The next morning, after a quick breakfast, I was ready to get at it... seeing as the others in the group still had not shot a deer, they were wanting to sit somewhere in the morning as the temperatures were much better. determined to find my deer...I set out on a solo mission, there was just no denying that this deer was laying dead somewhere , and I was going to find it .
The last blood that we had marked the previous night was where the deer crossed a main road ...I drove my truck to exactly that spot and continued my search… And as luck would have it, I found the deer after just 30 more minutes of tracking. and to my surprise, the deer was completely intact, untouched by the coyotes.









The deer finally layed down next to the frozen pond in the pic below.. I shot it on far side of distant hillside in the background.

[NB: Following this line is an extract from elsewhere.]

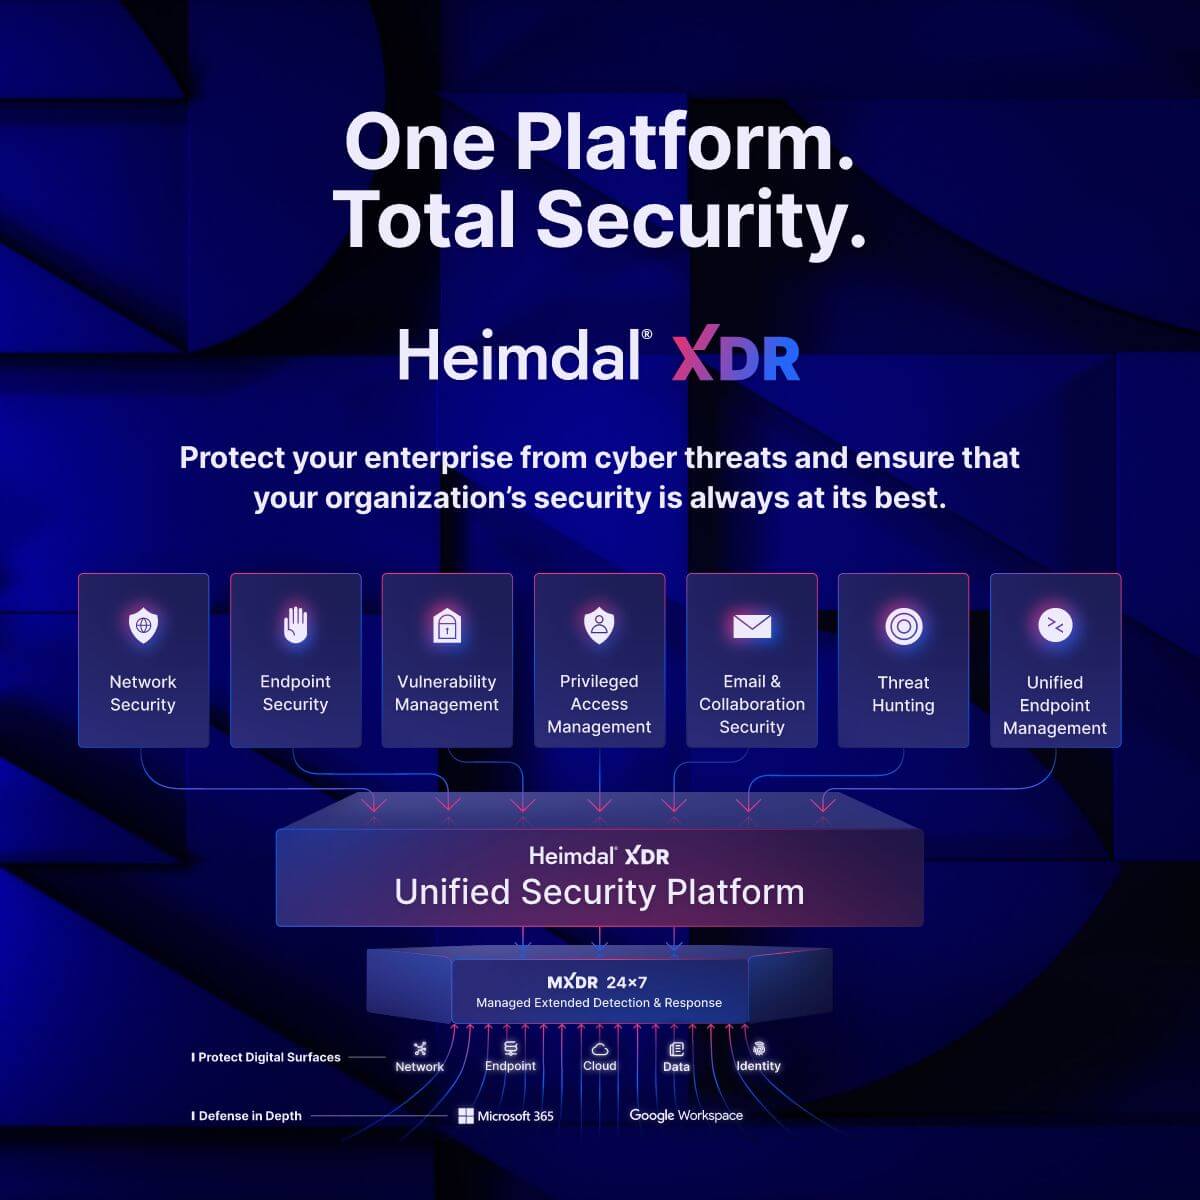 heimdal xdr software stack.
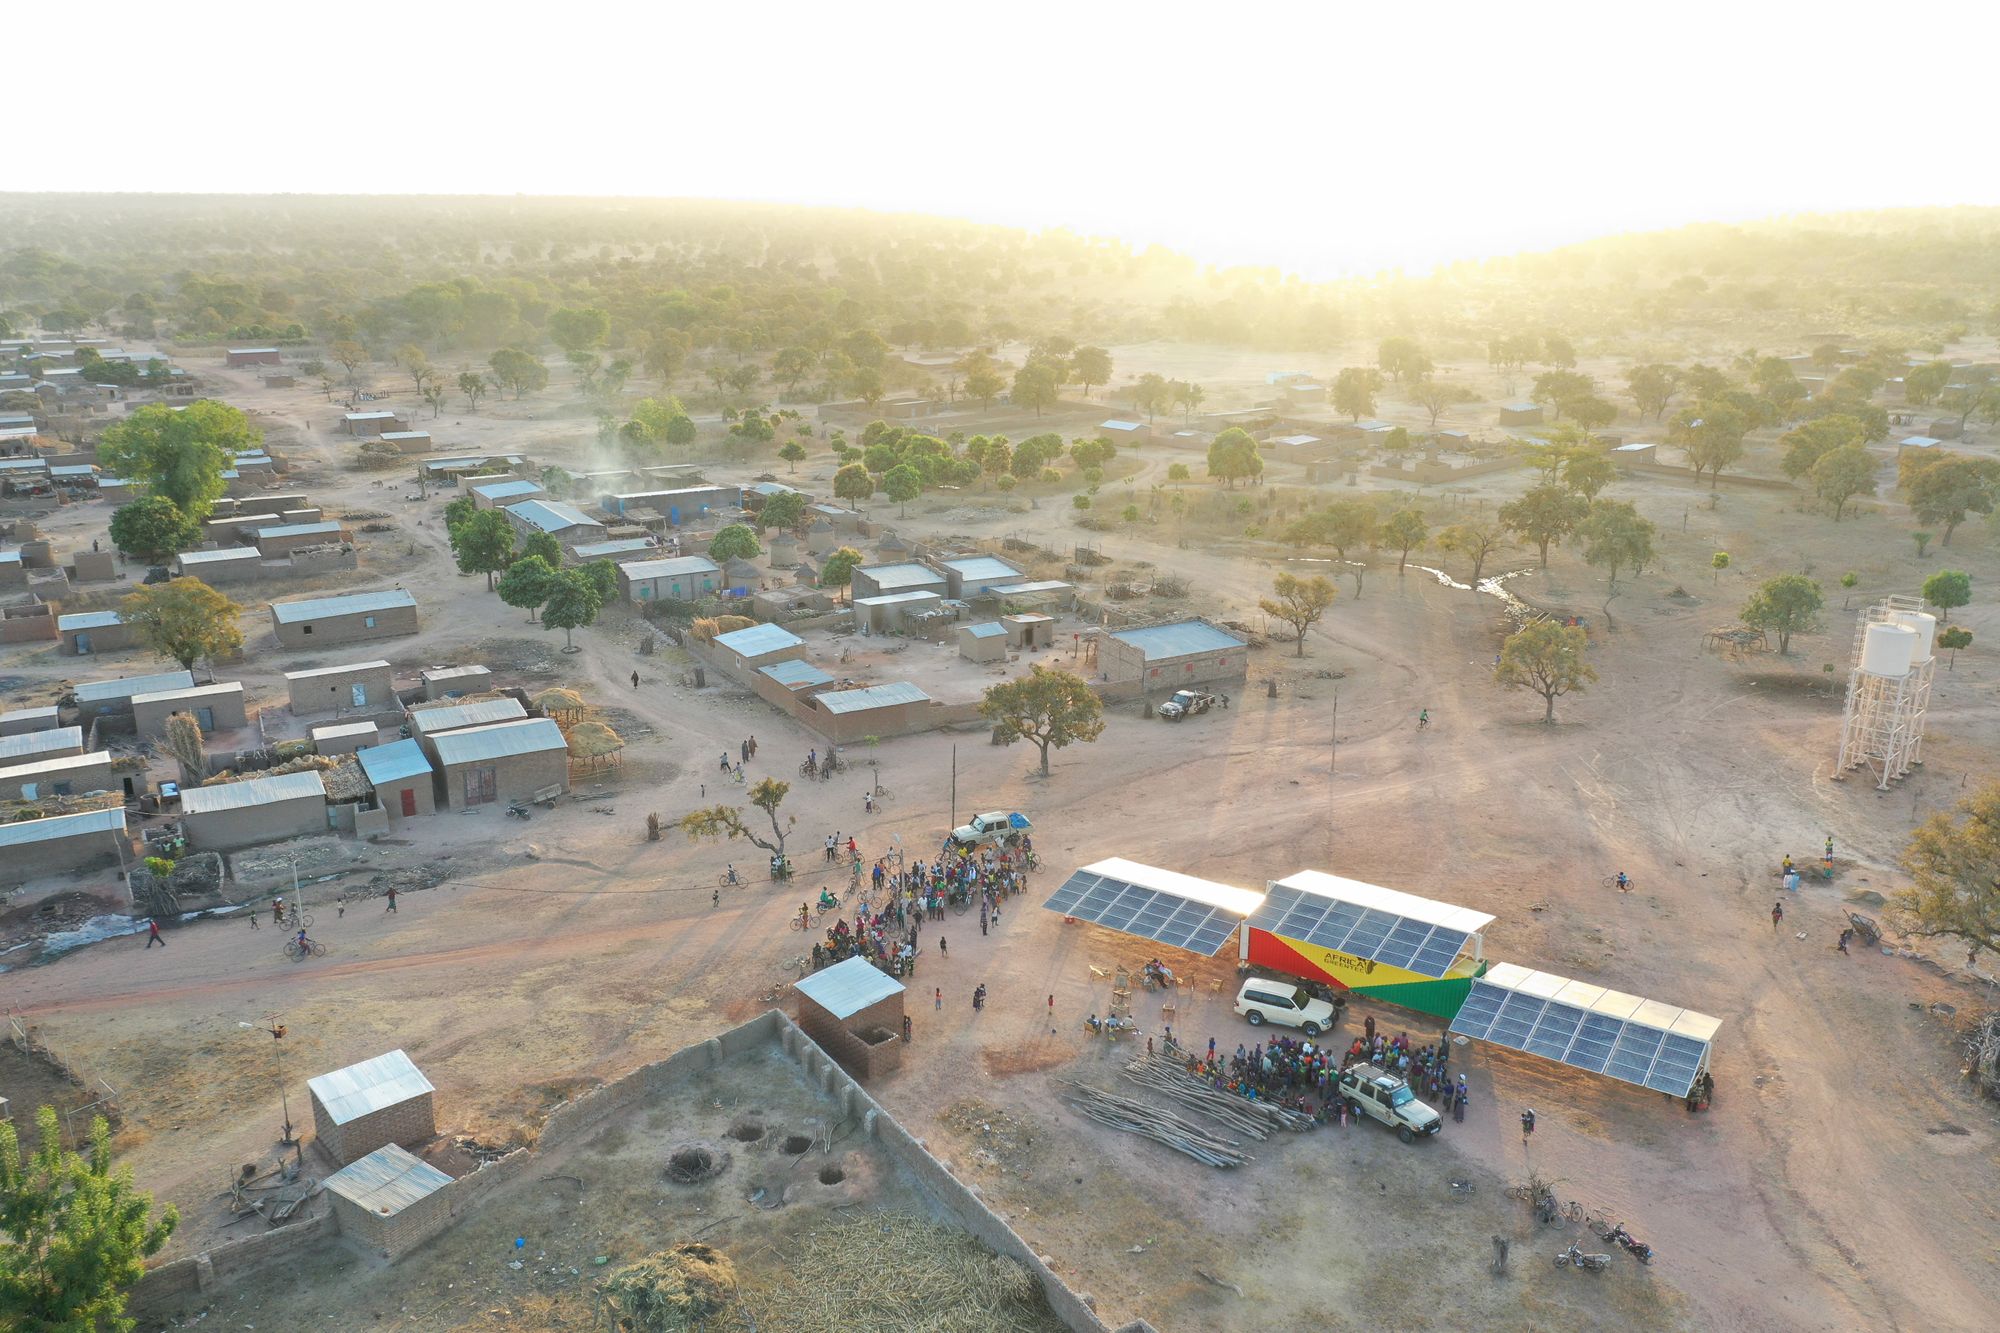 A Solartainer being set up in Mali, Africa. Picture Courtesy: Africa GreenTec

Obviously, as the pic shows, I was probably still shaking when I pulled the trigger .. My shot placement was slightly to the right , the deer was facing me, quarterd to my left...The field dress job did show that I took out the back end of one lung and landed the bullet in the stomach. No pass through. It's amazing how far a deer will go with just one lung working. I was more amazed that I never once kicked up this deer during the tracking.

Never give up!

Thanks for reading my story guys and have a great 2018!


----------



## snag (Dec 27, 2005)

That was a good tracking job, glad all worked out, that’s a heck of a distance it went.


----------



## fastwater (Apr 1, 2014)

Great read 9.
You did good by waiting till morning.
Old guy once told me, "when in doubt...back out".
That's proven to be very true over the years.


----------



## cb55 (Jan 4, 2014)

Good job


----------



## bobk (Apr 30, 2004)

Congrats and thanks for the good read.


----------



## sherman51 (Apr 12, 2011)

love reading a good hunting story that turns out good. congrats on getting your deer. and kudos for following it to the end.
sherman


----------



## chris1162 (Mar 12, 2008)

Sounds like your freezer is full for the year now!!! Congrats carl!


----------



## crappiedude (Mar 12, 2006)

Nice read and a great story. Congrats on the successful hunt.


----------